The Basics: Off to a far rockier start than many would like to admit, New Girl Season 1 is a tough set to recommend buying.


For the 2011 - 2012 television season, my wife and I had a real surprise. In advance of the season, we watched a slew of promos and we figured out our viewing schedule. Immediately, she blocked out time on Thursday for us to watch the new show Whitney and when I asked her about New Girl, she said she was not at all interested in it. I was interested in it because I very much enjoyed the first season of Happy Endings (reviewed here!) and I was shocked when the first promos for New Girl aired and Damon Wayans Jr. was in them! I was eager to see what his fallback was if Happy Endings was not renewed. So, when Whitney aired, we watched the first episode and my wife actually made the same face she makes when she tastes something that is sour, bitter, and rancid all at once.

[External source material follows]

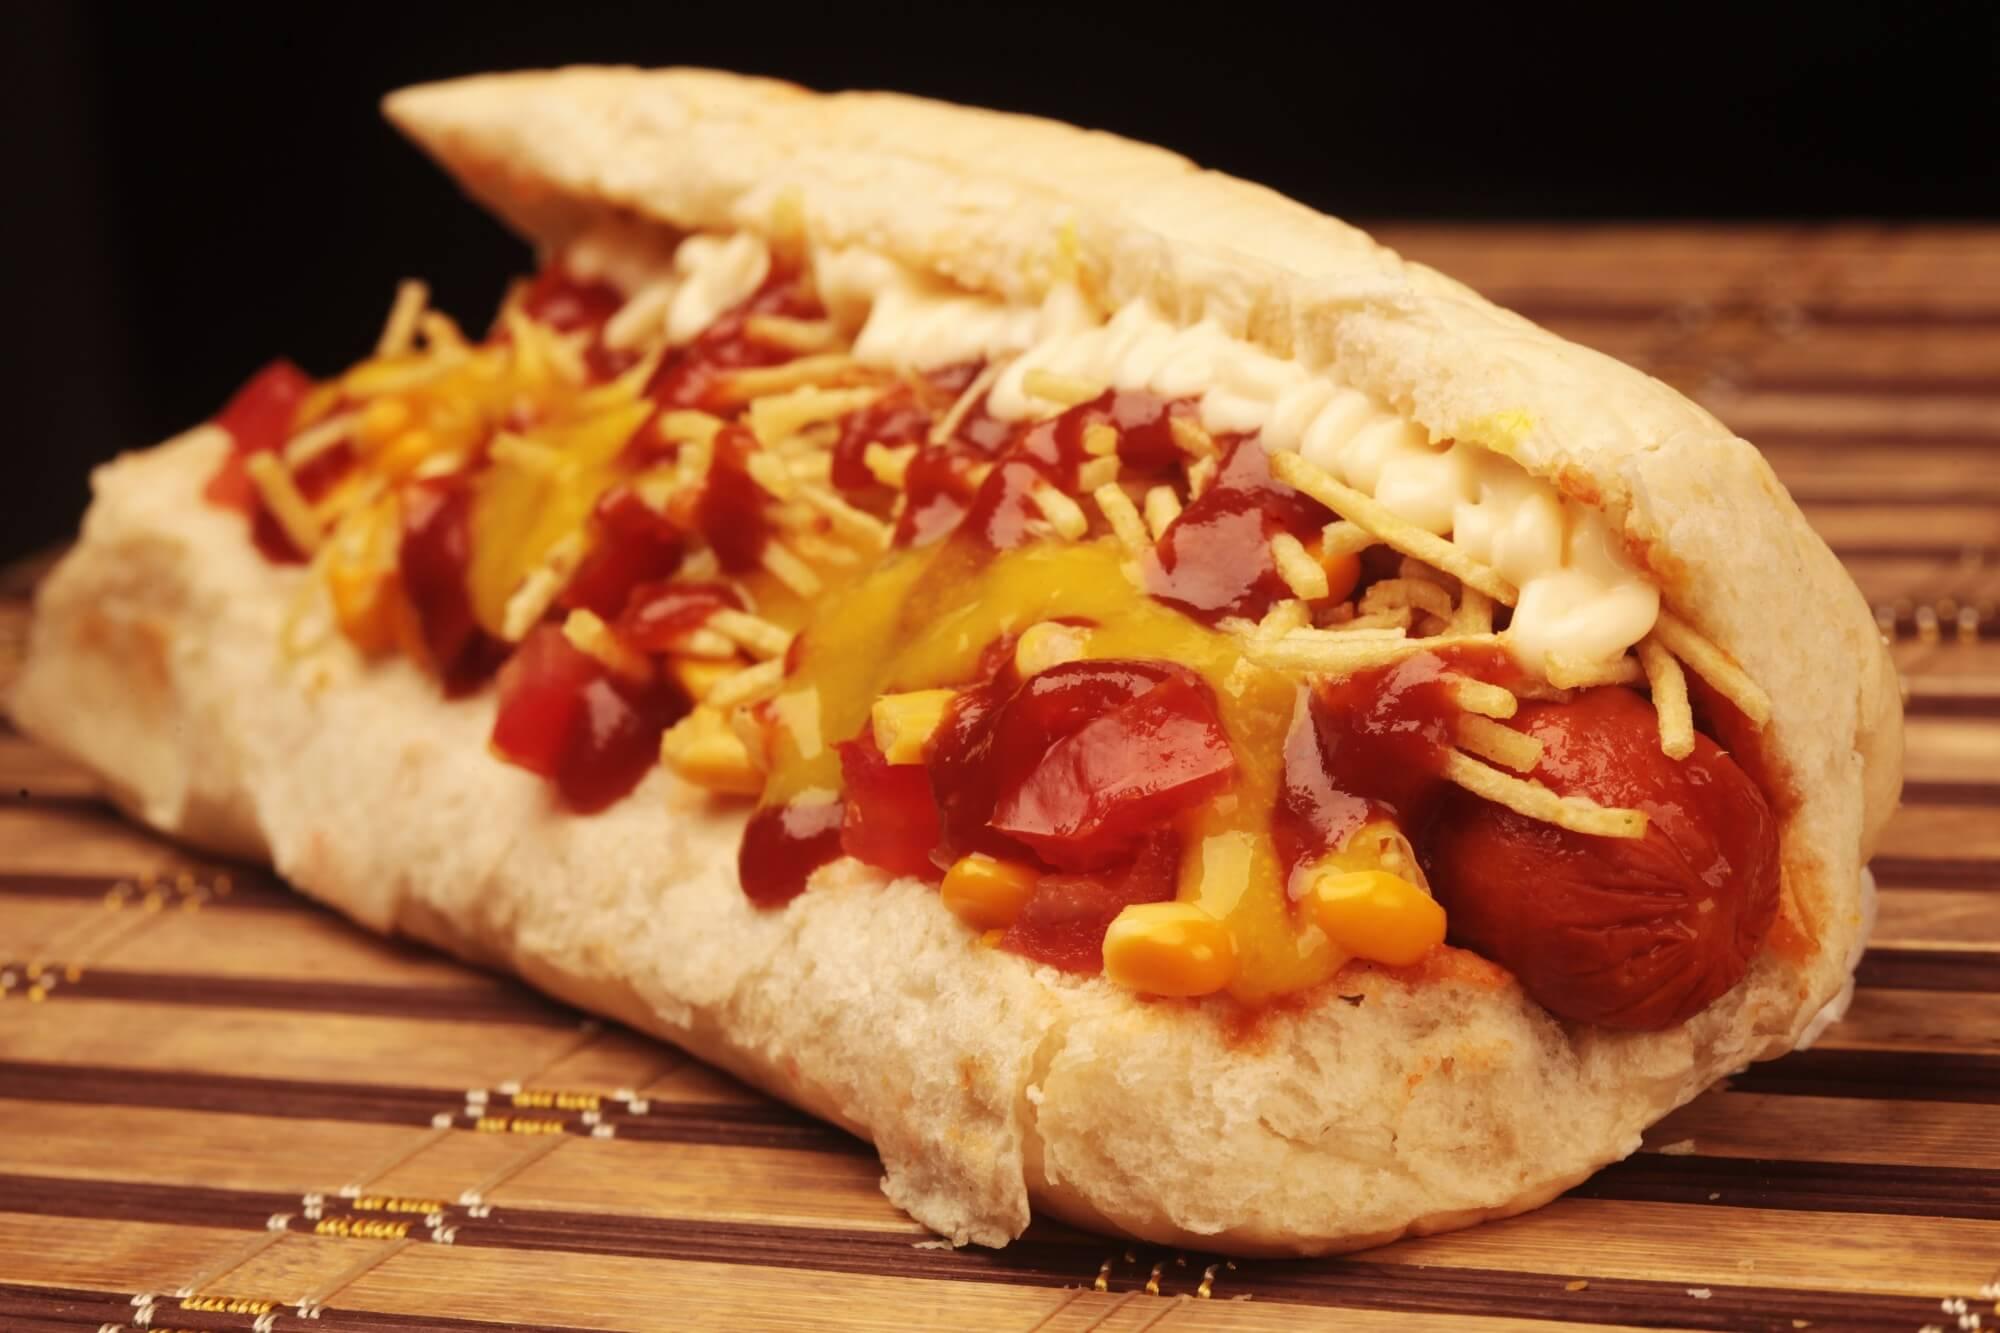 Google Image Hot Dog

It’s an expression of disgust that has a somewhat pained quality to it, as if to say “Why would anyone produce this thing?!” Halfway through the second episode of Whitney that we watched, she stood up (literally), glared at me, said “I said I didn’t like this and wasn’t going to continue with it!” and then she stormed out of the room. We saw no reason to continue with that lemon.

As an ironic reversal, when I had the premiere episode of New Girl on, she did not start the episode with me. Instead, she was working in another room and I must have had the television up too loud because all of a sudden, she laughed and walked into the room. “That was a funny line,” she noted. She sat down and started watching the rest of the episode. What I found to be pretty mundane and predictable, my wife found absolutely hilarious. We never missed an episode after that, even when they reran them. In fact, right now, my wife is pissed at FOX and ABC for putting Happy Endings and New Girl in the same timeslot next season. I have to agree with her, though I enjoy Happy Endings more than New Girl.

Now on digital download and forthcoming on DVD, New Girl is an ensemble comedy that focuses on Zooey Deschanel’s character of Jess. Giving Zooey Deschanel a starring role was a risk; as a zany supporting character, she has had several memorable roles . . . most of which seem ridiculously similar to one another. The danger that New Girl faced in its premiere season was that it would be revealed that Deschanel’s one –note acting was pretty much the only tool she had in her arsenal. Sadly, that is exactly what happened.

New Girl’s greatest weakness is, in fact, the title character Jess. Not nearly as endearing as she tries to be, Jess represents a fa├žade of both ignorance and integrity and it does not take long before the character comes into contradiction with her own self. More than any other comedy I have seen of late, it seems like the writers and producers had no real idea who they wanted the character to be, so each new writer – or the writer of each of Jess’s arcs throughout the season – made their own take on her.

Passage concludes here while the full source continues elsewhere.